Last Updated: Apr 22, 2017 12:39PM PDT
This article explains two-factor authentication and the way SSProtect uses it to protect data.

Forms of Authentication
Two-factor authentication is the act of providing two credentials to prove your Identity. Authentication factors come in several forms:

  1. Something you know, like a (secret) password
  2. Something you have, like a (unique) physical token
  3. Something you are, like a (unique) fingerprint or a retinal pattern

Two-factor authentication requires you to provide two of the three different types of authentication factors before your identity can be verified and used to authorize any action. 2nd factor data is often provided by USB tokens plugged into your computer or, in the consumer dynamic, using 6- or 8- digit passcodes sent to you via text message which you subsequently use to login to a web service. As a matter of fact, the underlying technologies are the same.

Aggressive Application
SSProtect uses a password and any number of different 2nd factor tokens for authentication. Your password is (securely) cached and used for up to one hour, at which point subsequent action requires you to re-enter it. The 2nd factor, however, must be presented with each privileged operation.* This is less common, as most applications cache both the password and the 2nd factor for the duration of your session. Sometimes, the credentials never timeout - for weeks on end - and other times they only timeout during periods of inactivity.

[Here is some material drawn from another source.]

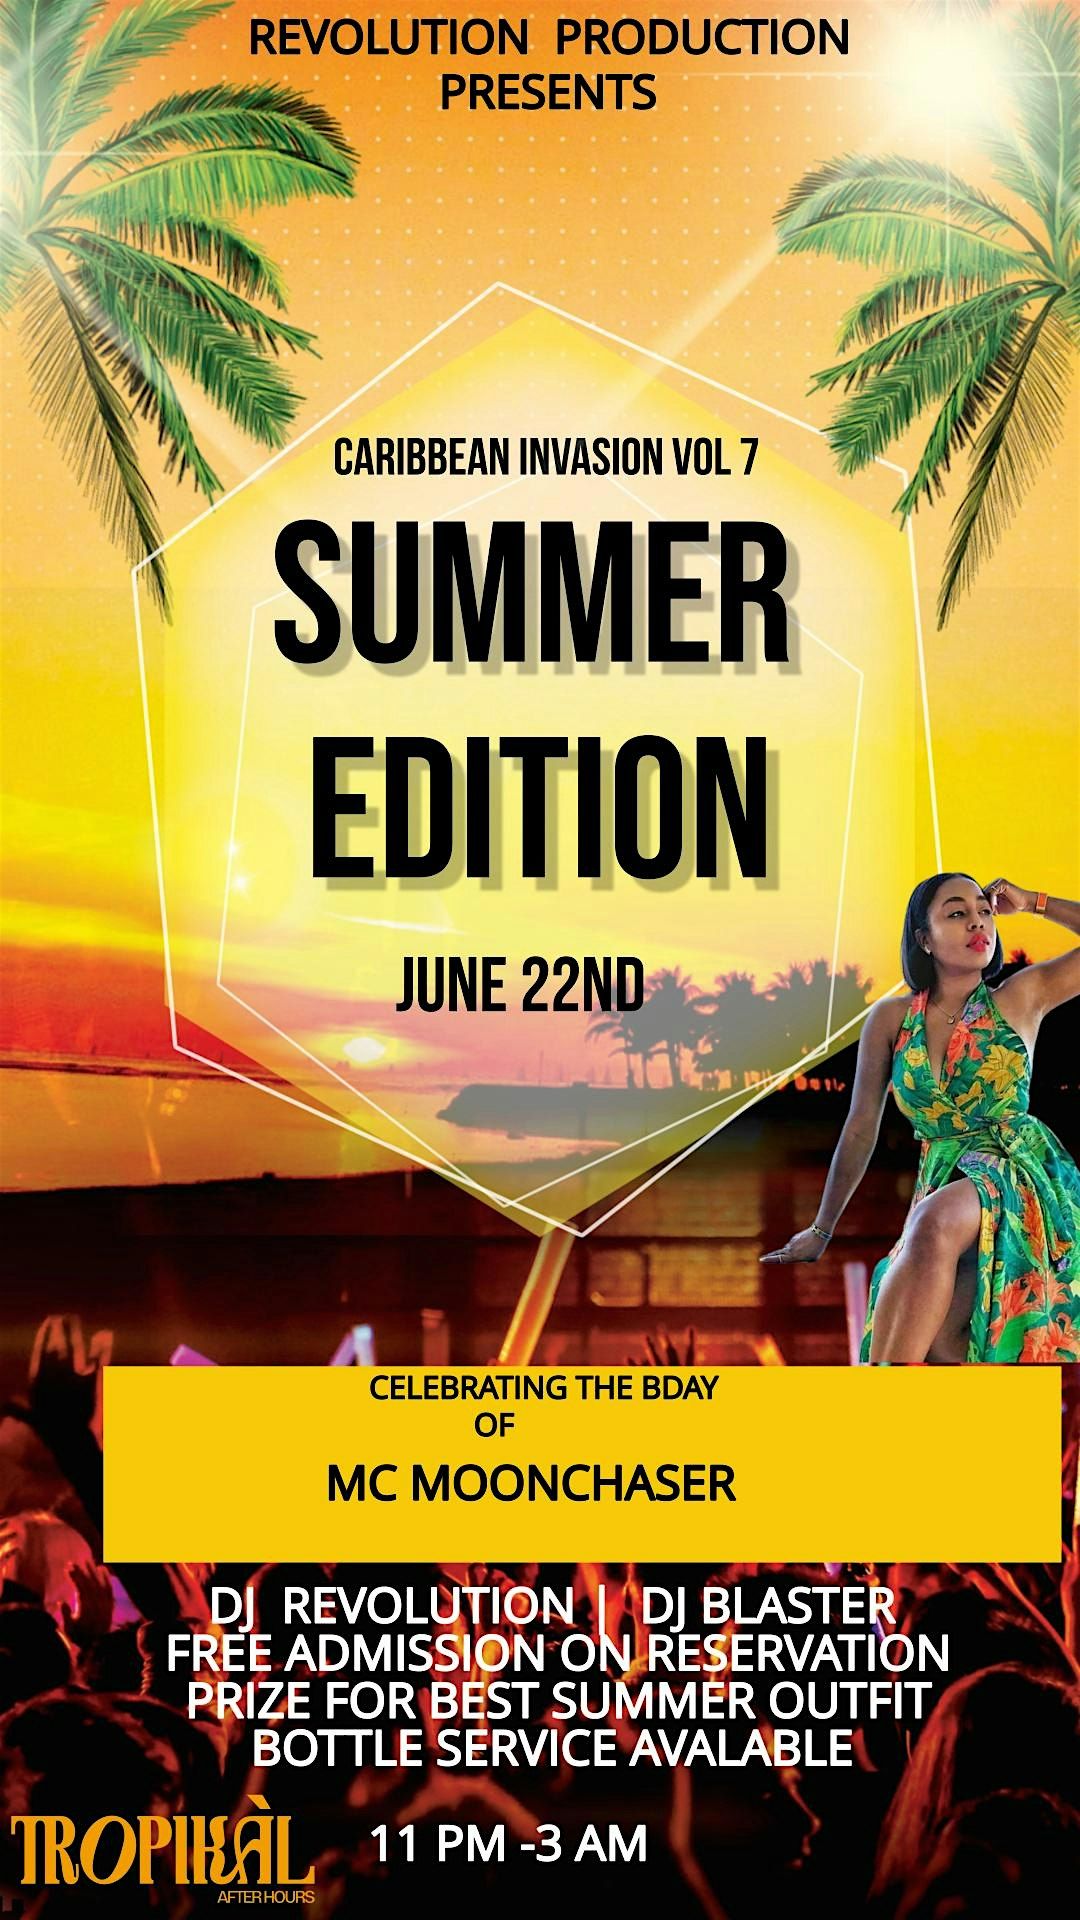 Carribean invasion vol 7 SUMMER EDITION

We believe application of the 2nd factor with each data access to be the best mix of security and convenience, given how 2nd factor tokens can be applied today.

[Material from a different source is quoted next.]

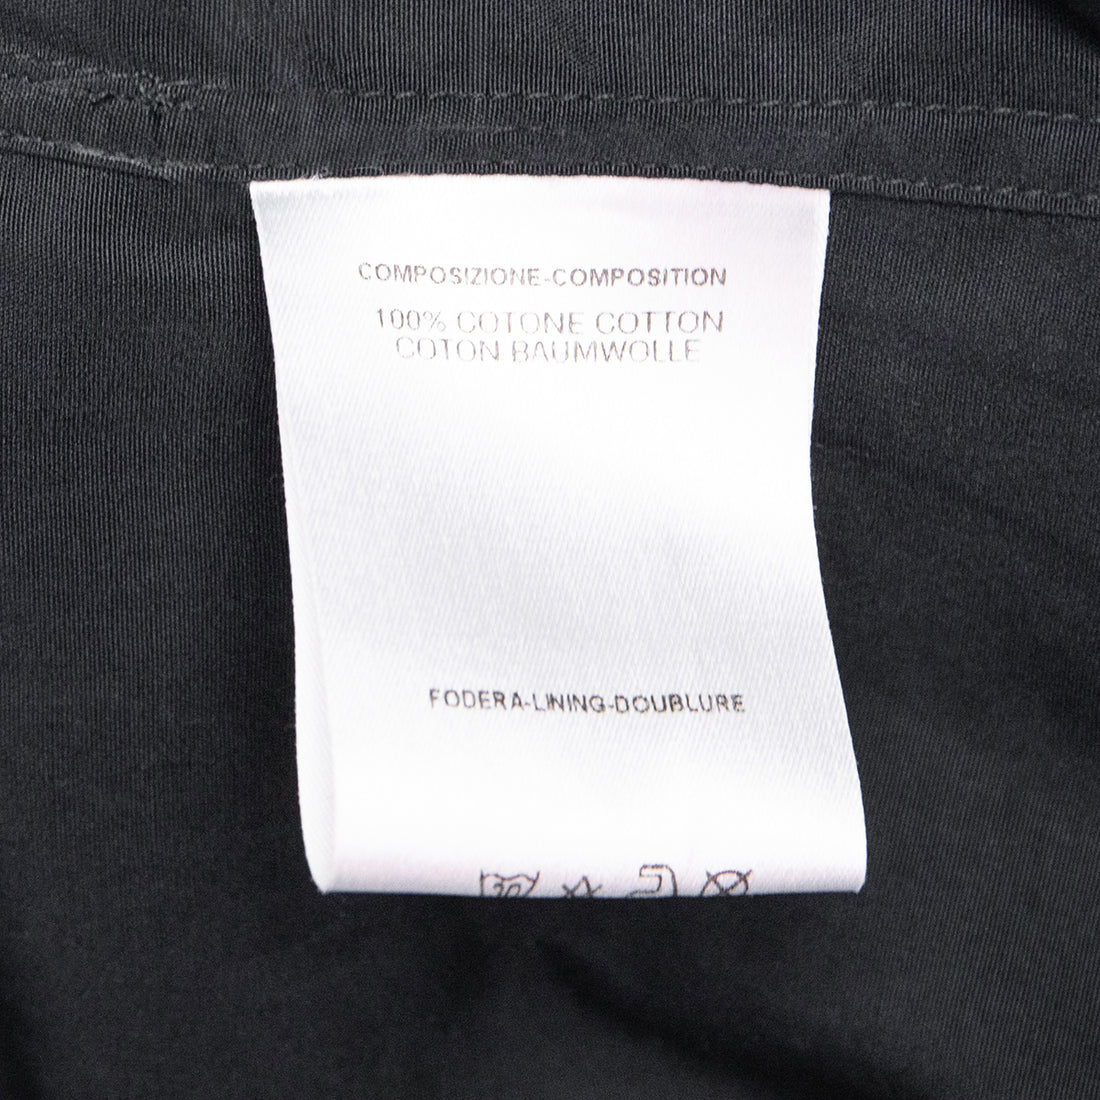 Gucci cotton shirt with narrow waist belt (CLEANING)

* - Our team is working on methods for applying a single 2nd-factor credential instance for multiple operations without sacrificing the security attained by requiring independent 2nd-factor credentials for each privileged operation.

Physical Presence
We lean toward recommending 2nd factor tokens that require physical presence. There are some USB hardware keys that offer 2nd factor data only when a person touches a button or a capacitance plate. This inhibits remote attackers that use stolen or breached credentials since the USB token cannot be commanded to present credentials with software.

2nd Factor Data with HMAC-based OTPs
The data from a 2nd factor has to be unique - else someone would be able to easily impersonate your 2nd factor token (which makes irrelevant the idea of physical ownership, defeating the purpose). That is a common tactic of organized attackers - steal privileged credentials and access information using authorized actions. This makes them hard to detect, and most solutions fail in this dynamic, at least some of the time (which is often all it takes).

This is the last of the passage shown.